Передача информации не требует осознанного намерения: это может делать и компьютер. В живой природе даже растения сообщают вовне много разнообразной информации, хотя, возможно, делают это без особой целенаправленности и не испытывая особых ощущений. Цветки – информация: в них закодированы сведения о наличии пыльцы и нектара. Цветки помогают растению приманить пчел или других насекомых, птиц или летучих мышей, чтобы те опылили их. В сущности, яркий венчик и сладкий запах – это рекламный плакат: заходите, посетите наши цветки; мы угощаем нектаром и пыльцой (растения, взывающие исключительно к нуждам своих клиентов-опылителей, не обязаны сообщать, что их самих интересует только секс). Позже яркие плоды будут сообщать о своей спелости и питательности фруктоядным животным, чтобы побудить их поработать разносчиками семян. Кроме того, растения посылают множество химических сигналов другим растениям и насекомым, поедающим других насекомых, чтобы те помогли им отбиться от нападений разнообразных вредителей.

Животные тоже подают сигналы, закодированные в звуках, запахах, песнях, танцах, ритуалах… и в языке. Мы, люди, так сильно полагаемся на нашу речь и так много ею пользуемся, что почти утратили способность различать тонкие, а иногда и вполне явные невербальные сигналы, которые все время подаем другим и на которые реагируем сами. Многие животные тоже пользуются жестами, исполненными смысла. Другие обладают небольшим запасом слов и даже простейшим синтаксисом. У многих видов есть языковые диалекты; у кашалотов, например, – их замечательно красивые коды. Весь мир пронизан волнами и слоями непрестанного общения.

Чем больше мы отдаляемся от тающих вдалеке зеленых склонов, тем более синим становится море.

И вот в воде опять виднеется чей-то черный плавник. Это кит, только совсем небольшой – размером с дельфина. Он один. Еле двигается. Я не могу опознать его и впадаю в полное замешательство.

Шейну достаточно одного взгляда. «Кювьеров клюворыл?.. Нет, не он. Тогда кто-то из ремнезубов. Но не Блэнвиля. Возможно, антильский или ремнезуб Тру…»

Парящая над нами с опущенной головой королевская крачка внезапно резко снижается, описав крутой полукруг, ныряет и тут же взмывает снова, оранжевым клювом выдернув из моря саргана; она держит его за голову, и он извивается всем серебристым телом, широко раскрыв длинные челюсти.

«…Только вот детеныши ремнезубов всегда ныряют вместе с родителями».

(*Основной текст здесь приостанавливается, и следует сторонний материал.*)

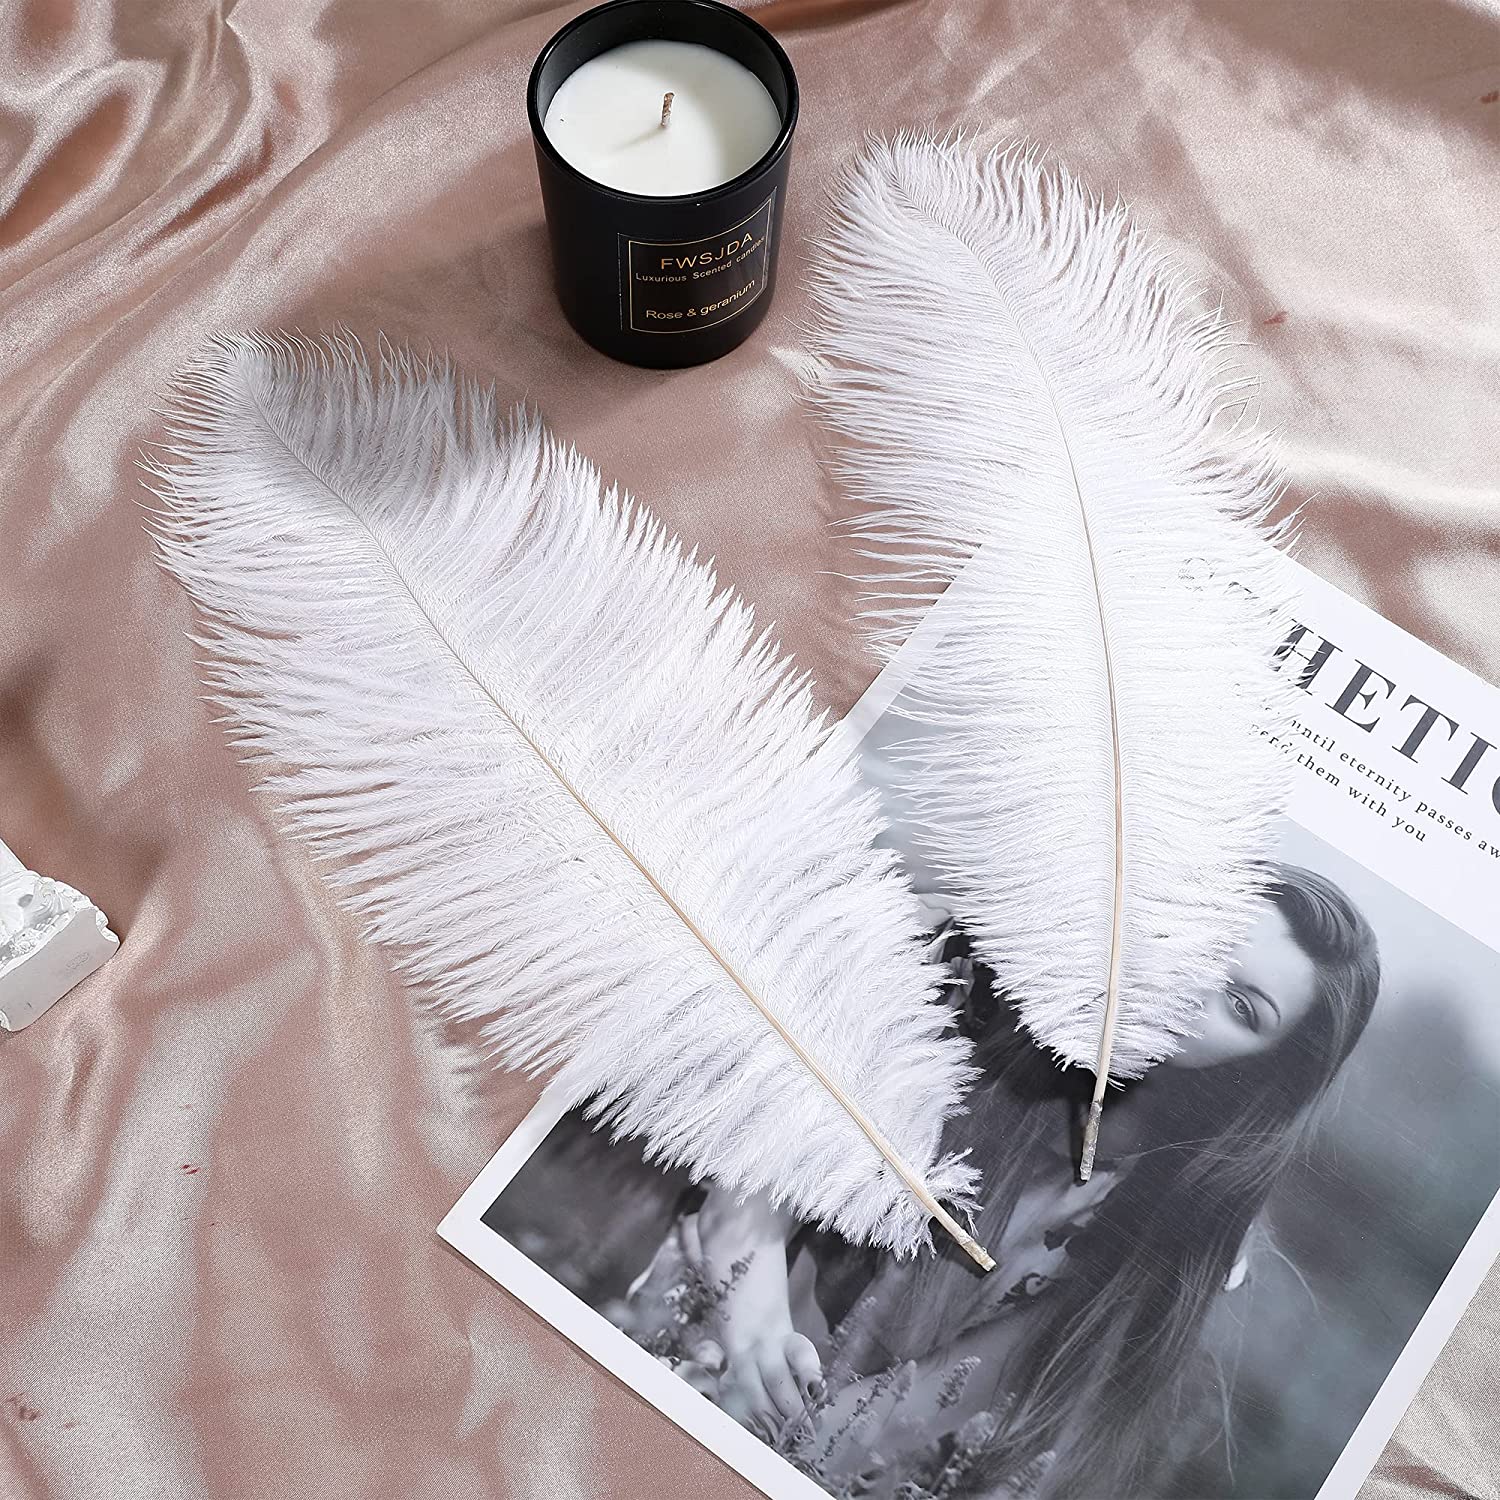 Bulk Ostrich Feathers - White Ostrich Feathers

Значит, с этим малышом случилось что-то плохое? Но гидрофон не улавливает сигналов бедствия.

«Видишь его дыхало? Оно большое, направленное вперед?» – спрашивает меня Шейн.

Нет, не вижу. Я только и могу, что просто таращиться на китенка. И даже толком не знаю, на какие отличительные признаки нужно смотреть.

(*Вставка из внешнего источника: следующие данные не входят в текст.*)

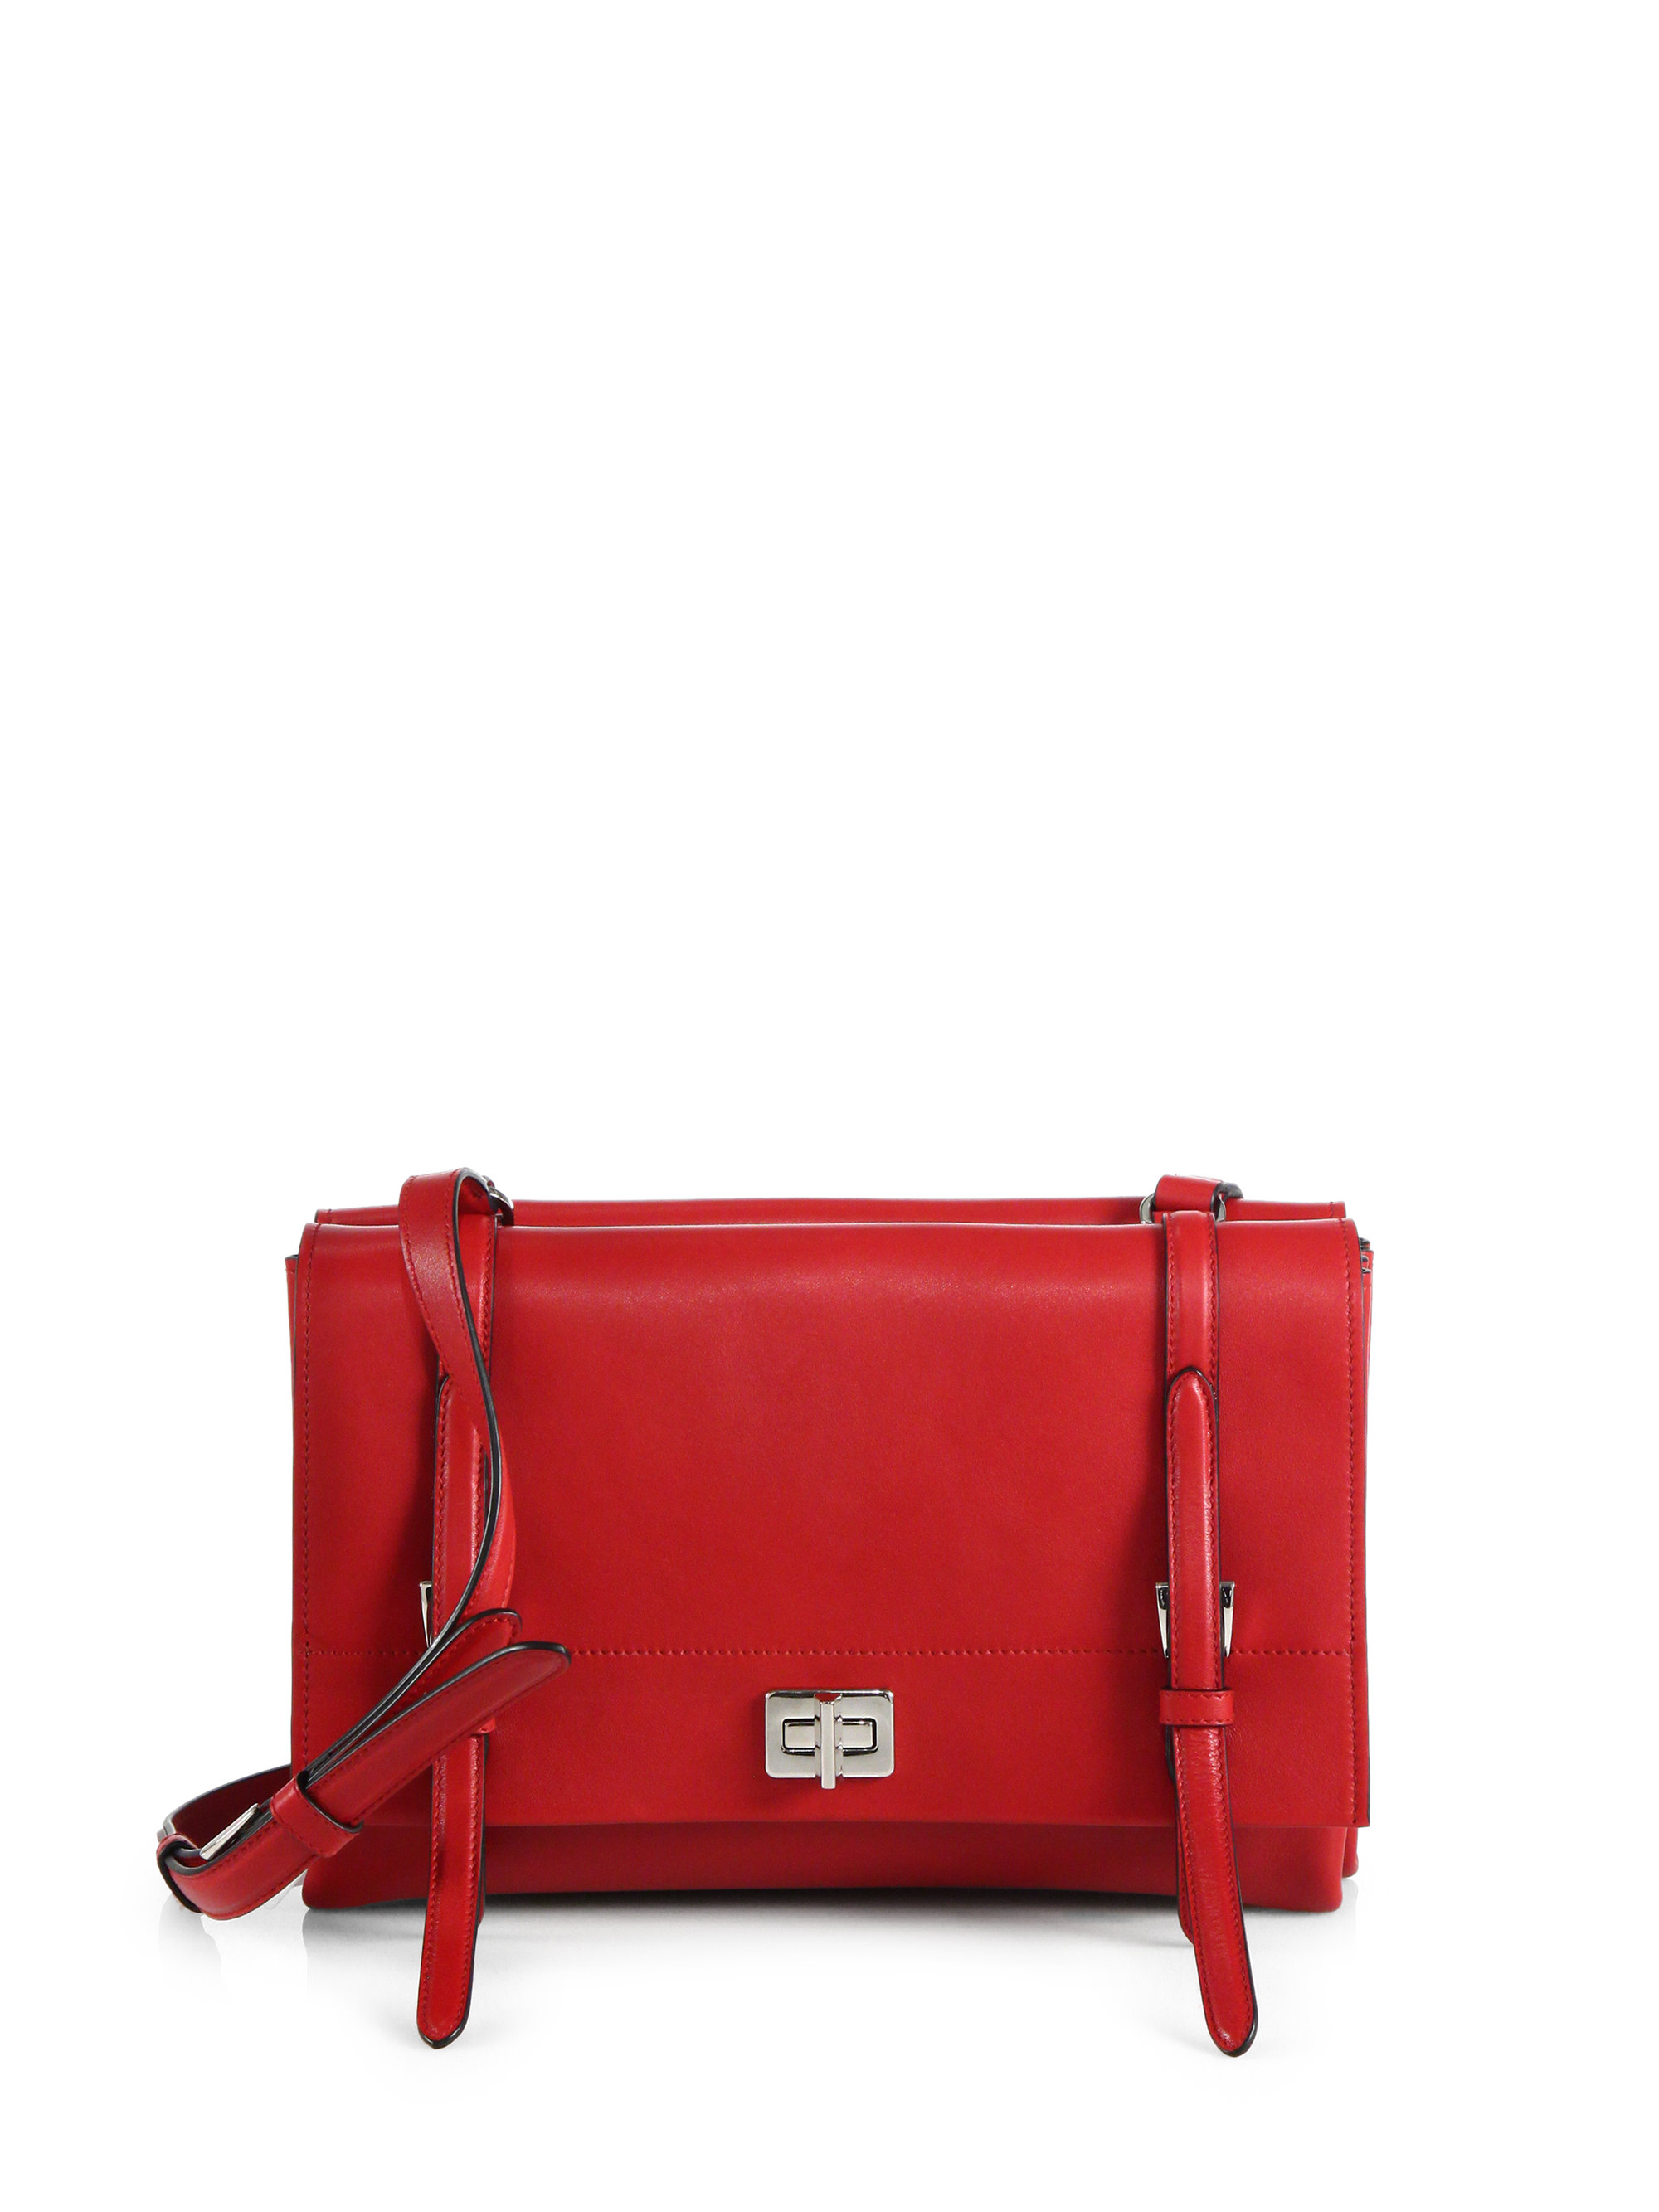 Prada Lux Calf Double Shoulder Bag in Red (FUOCO-RED)

«Да еще плавник… Знаешь, я думаю, что это может быть Kogia».

К роду Kogia, или карликовых кашалотов, относятся два вида, которые долгое время считали одним: собственно карликовый кашалот, он же кашалот-пигмей, и малый карликовый кашалот. Различить их по внешним признакам почти невозможно. Они действительно намного меньше настоящих кашалотов и, в сущности, совсем на них не похожи. Я видел однажды живого кашалота-пигмея, который выбросился на берег неподалеку от моего дома на Лонг-Айленде. Это поразительное создание меньше трех метров длиной выглядело каким-то причудливым искажением, словно недоработанная модель, ранний прототип кашалота – с маленькой головой, маленьким ртом и совсем уж маленьким телом. А теперь – вот он, передо мной, этот результат миллионов лет преобразования в другой, отдельный вид. Здесь мы и оставим его.

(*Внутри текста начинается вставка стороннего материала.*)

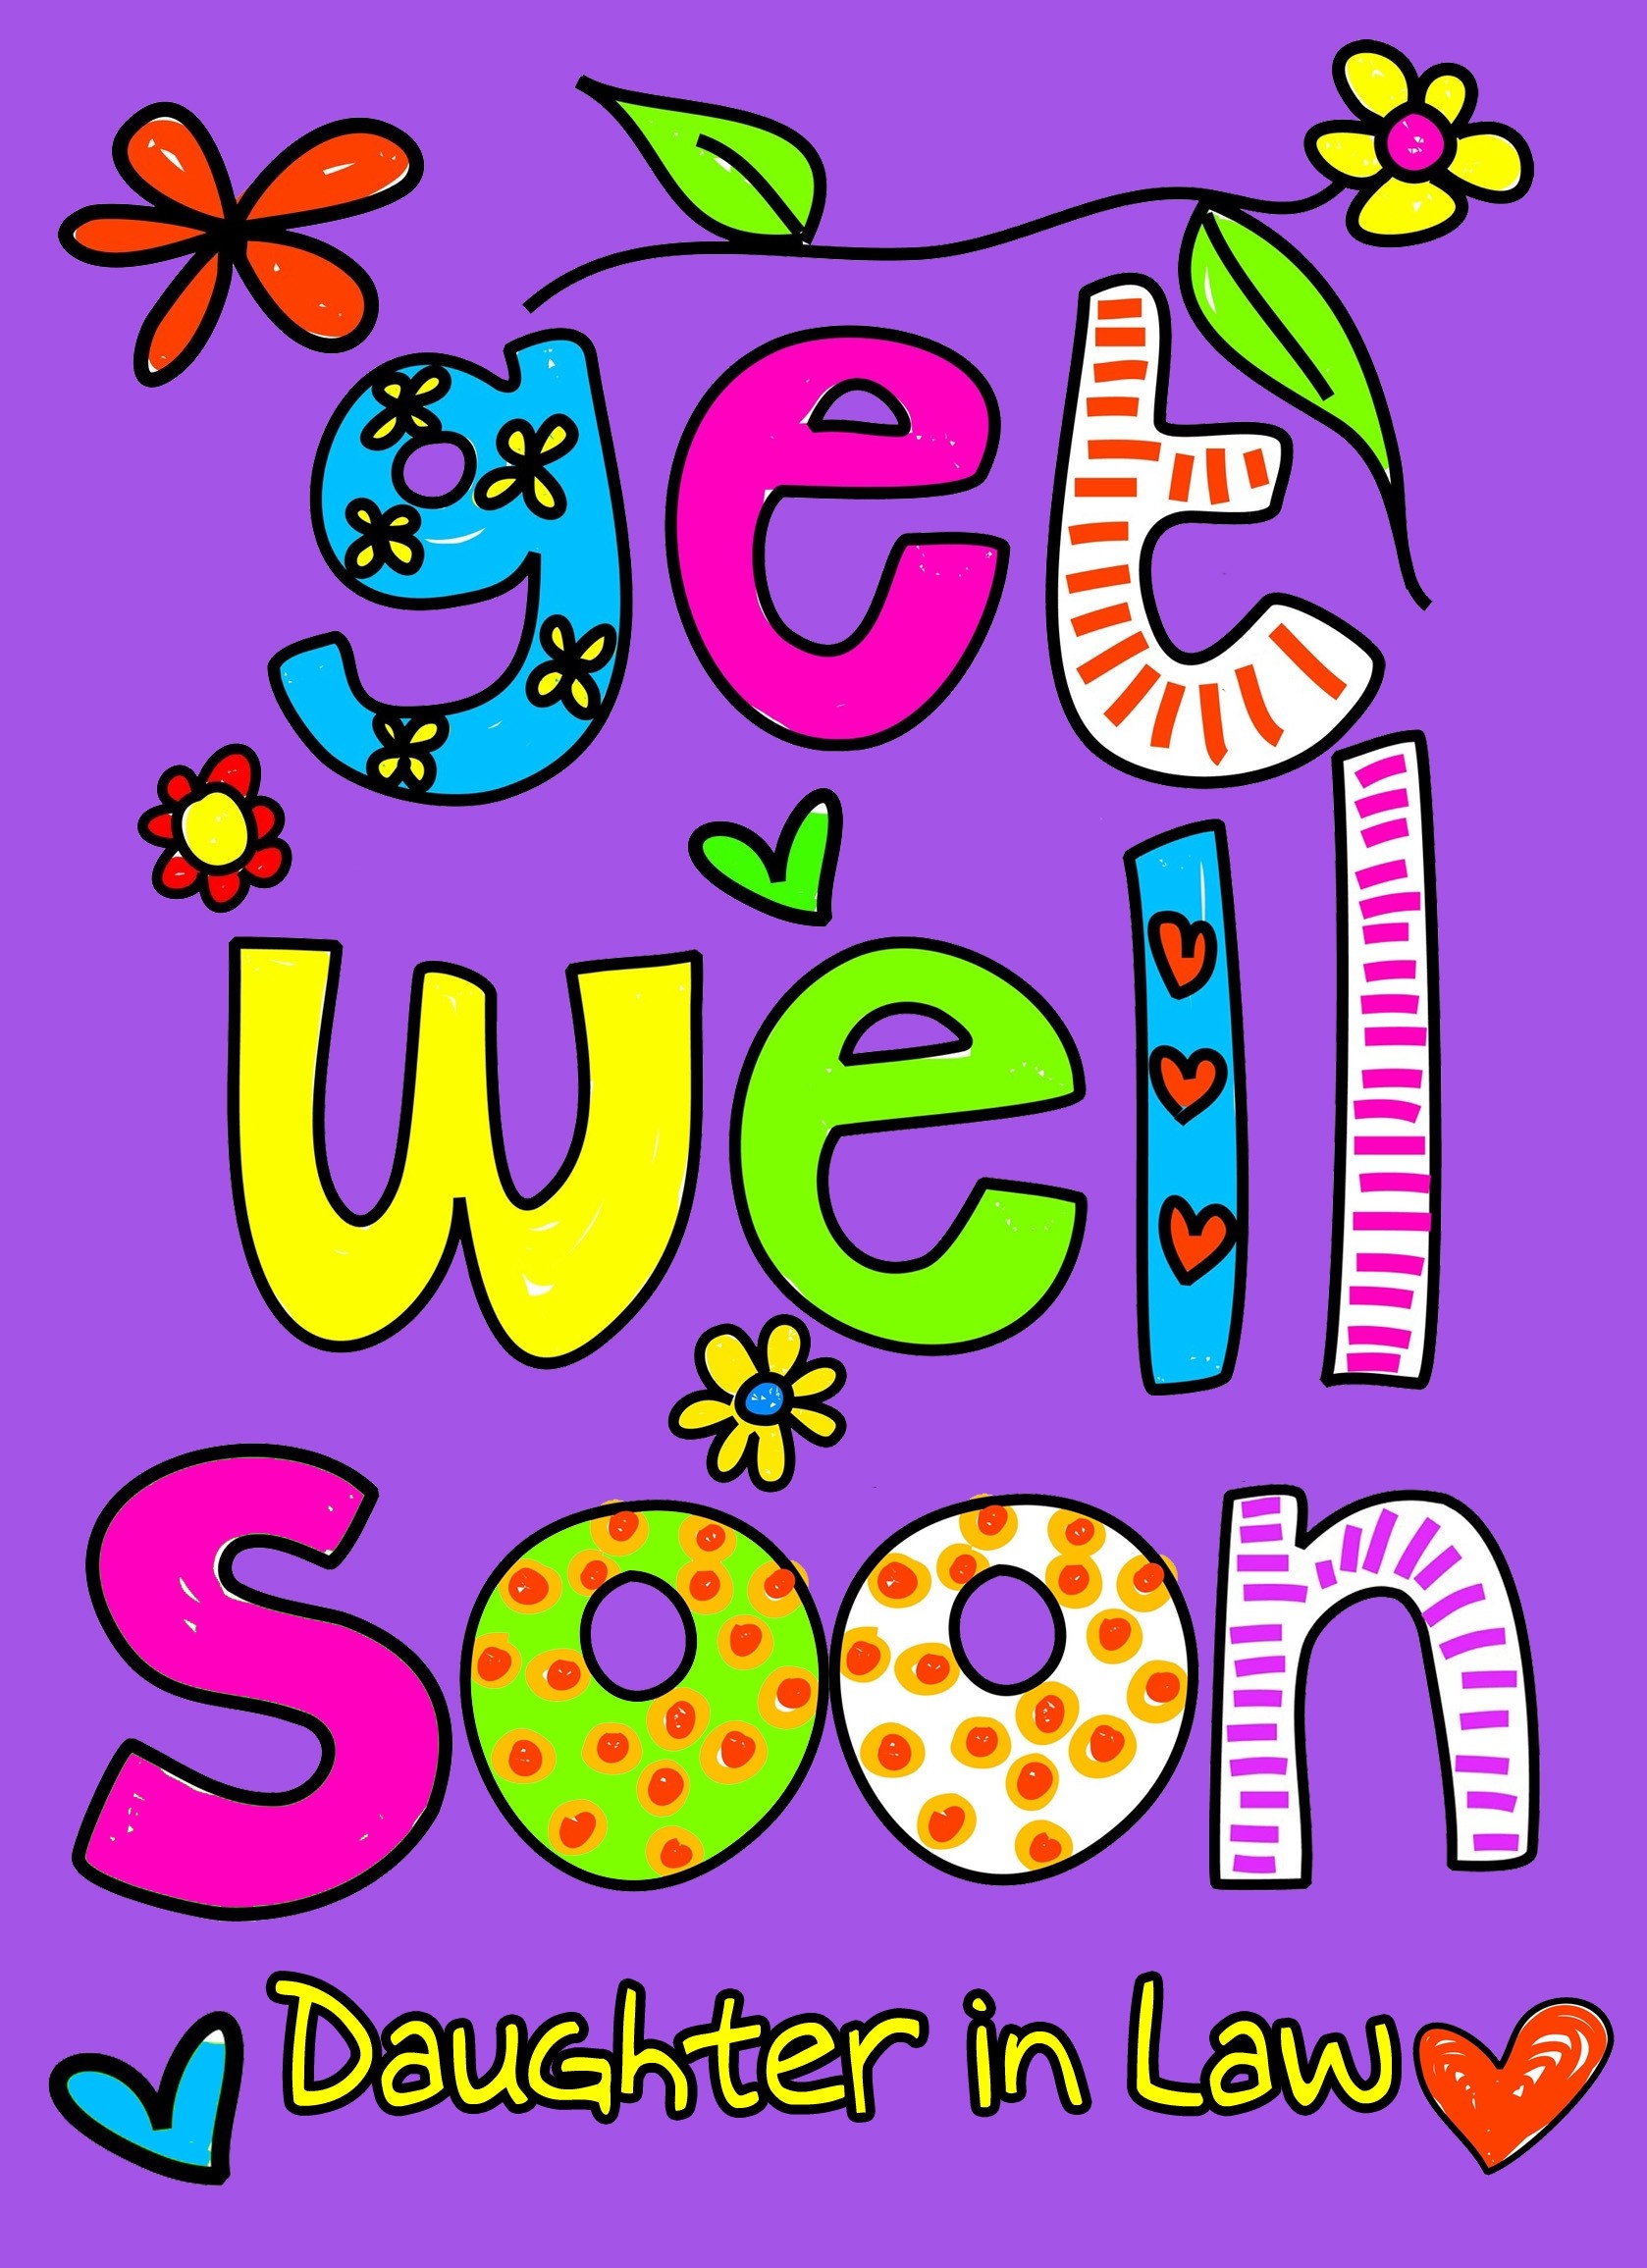 Get Well Soon 'Daughter in Law' Greeting Card

Меня поражает странность некоторых названий. «Карликовый». «Пигмей». «Малая косатка». В них есть что-то уничижительное. Складывается впечатление, что такие названия отражают путаницу, неуверенность. Незнание. Это реальные виды, но их называют как нечто несуществующее. Среди множества бед, что люди принесли китам, не последнее место занимают нелепые названия, которые этим несчастным приходится влачить на себе по всем морям и океанам, как унизительные ярлыки. Китобои когда-то наградили китов такими кошмарными именами, а ученые взяли и увековечили их. То, что исследователи морских млекопитающих упорно отказываются обновлять видовые названия, идет вразрез с практикой, принятой среди орнитологов; те, наоборот, обладают раздражающей склонностью постоянно менять латинские и общеупотребимые названия птиц, то объединяя родственные виды, то дробя. (Например, обитающую в Америке птицу из рода Gallinula в 1980-х годах объединили в один вид с близкой ей европейской формой и тоже стали называть камышницей, или болотной курочкой, хотя любой бы вам сказал, что она совсем не обязательно живет в камышах и не имеет никакого отношения к курам; в 2011 году эти виды опять разделили. В самой птице все осталось прежним – менялось только ее название.) Ну а те, кто занимается китами, упрямо держатся за привычные названия, и неважно, что они давно устарели или просто звучат глупо.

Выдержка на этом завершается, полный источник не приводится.